2、完整的冲突解决机制,不仅包括冲突前的资源分配机制,还包括冲突后的解决方法。标准定义的冲突的解决方法是截短的二进制指数后退算法,通过扩大重传后退时间窗(或称:退避时间窗)的大小,降低冲突发生。由于二进制指数后退算法的后退窗口会随着冲突次数的增加而迅速增大,在申请带宽SS数量较小时,会造成部分竞争时隙浪费。已有的改进算法大多是动态更新后退时间窗口方式,如乘法增加线性减少算法(MILD),快速冲突解决算法(FCR)等。因为不同业务流的容许延迟不同,而且多次冲突的SS应授予较高竞争优先级,以满足公平性要求。因此本文提出一种融合优先级和公平性的更新后退时间窗的冲突解决算法。该算法提出SS根据冲突次数和申请带宽相应连接的优先级,采用模糊控制方式定义下一周期带宽申请的后退时间窗的大小和起始窗口值,以提高优先级较高业务的服务质量,并保证子站申请带宽的公平性。仿真结果表明算法对系统性能有一定提高。
3、IEEE 802.16并未定义基站BS侧和子站SS侧的带宽许可机制(或称调度机制),以保证不同类型业务的服务质量,然而这些调度方式对网络性能有着重要影响。BS的调度要根据请求信息给SS分配带宽,应考虑不同SS的服务质量(QoS)需求和公平性问题;SS的调度要为不同业务流分配由BS授权的带宽。关于调度算法的研究较为充分,考虑到传输信道的信噪比直接影响SS物理层的调制方式和MAC层传输分组大小,本文提出一种跨层调度算法。该算法采用Nakagami缓慢变化的时变信道模型, BS根据信道信噪比(SNR)决定某一时刻允许接入带宽资源的总量,并为每个活跃的SS分配带宽;SS根据SNR决定自适应编码调制方式,并根据自身不同业务流的服务质量要求,二次分配BS为其分配的带宽。仿真结果表明,算法在时变信道,对不同业务流能满足服务质量的要求。
本文的创新点包括:
1、提出一种组播轮询机制中,针对网络中不活跃站点突发数据的概率估算方法。通过对网络流量特性分析,根据自相似性计算线性相关参数,根据不同业务流的流量特征确定非线性相关参数,采用线性半参数回归模型估算不活跃SS下一个传输周期的突发带宽申请概率。
2、提出一种在竞争的组播轮询机制中自适应的带宽分配算法。以不活跃站点的突发带宽请求概率为依据,把SS自适应分配到不同的分组,分组间采用虚拟令牌环技术轮询。该算法能有效减少竞争冲突发生,同时避免浪费大量空闲时隙。
3、提出一种融合优先级和公平性的更新后退时间窗的冲突解决算法。该算法提出SS根据冲突次数和申请带宽相应连接的优先级,采用模糊控制方式定义下一周期带宽申请的后退时间窗的大小和起始窗口值,提高优先级较高业务的服务质量,保证子站申请带宽的公平性。
4、提出一种BS和SS侧的跨层调度算法。采用Nakagami缓慢变化的时变信道模型,BS根据信道信噪比(SNR)允许接入带宽资源的总量;SS根据SNR决定自适应编码调制方式,并根据自身不同业务流的服务质量要求,二次分配BS为其分配的带宽。
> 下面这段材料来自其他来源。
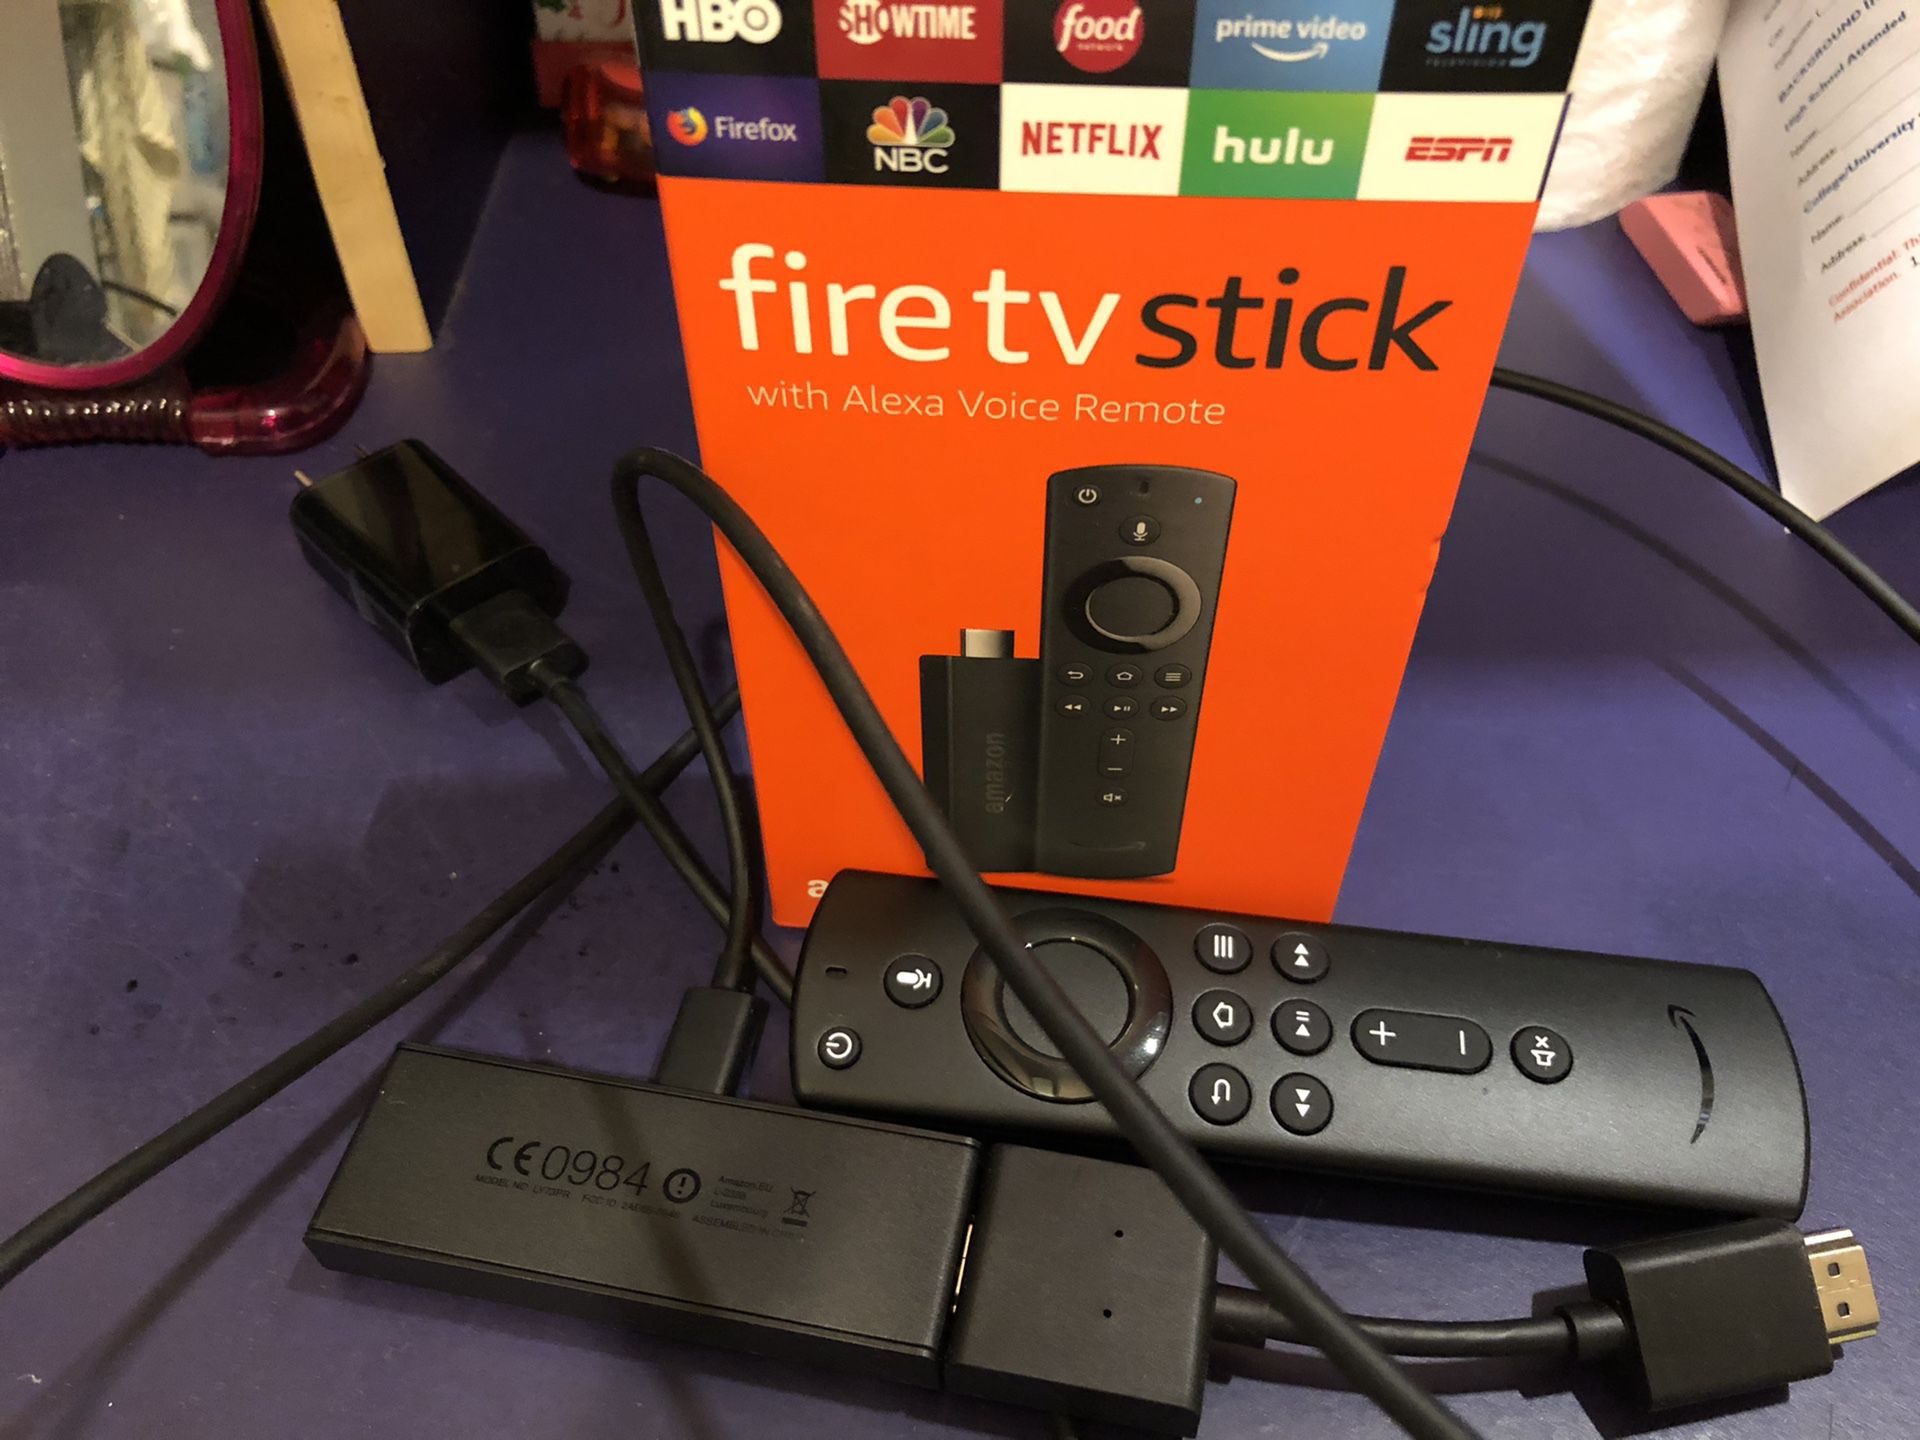 Fire tv Stick with Alexa Voice Remote

该算法能在时变信道满足不同业务流的服务质量要求。
The IEEE 802.16 BWA (Broadband Wireless Access) system has many advantages, such as easy installation and maintenance, inexpensive operation, connection-oriented service and quality of service guarantee. It is becoming the dominant network access technology in the future.In this thesis, analytic and researching contributions to bandwidth allocation, collision resolution, and bandwidth admission control are shown for the IEEE 802.16 BWA system.The details are as follows.
1. According to the IEEE 802.16 standard, substations (SSs) should reserve the required bandwidth before transmitting data packets to the base station (BS). When the SSs share the transmission opportunities to transmit requests, the collision will be inevitable. IEEE 802.16 protocol does not point out the operational mechanism. Most bandwidth allocation algorithms suppose that BS can estimate the number of active SSs,which is not easy in real wireless network. This paper presents a multicast polling mechanism based on the adaptive grouping algorithm. This mechanism brings network traffic analysis and adaptive grouping algorithm in the multicast polling. Firstly, the traffic characteristics such as self-similar, long relative,burst character are analyzed in this mechanism. Secondly, a linear semi-parametric regression model is constituted to evaluate the requesting probability of the non-active SSs.Then the adaptive grouping algorithm based on the virtual Token Ring technology is proposed that operates with the evaluated requesting probability. Simulation results indicate that this polling algorithm can effectively decrease the number of the idle slots and collision slots.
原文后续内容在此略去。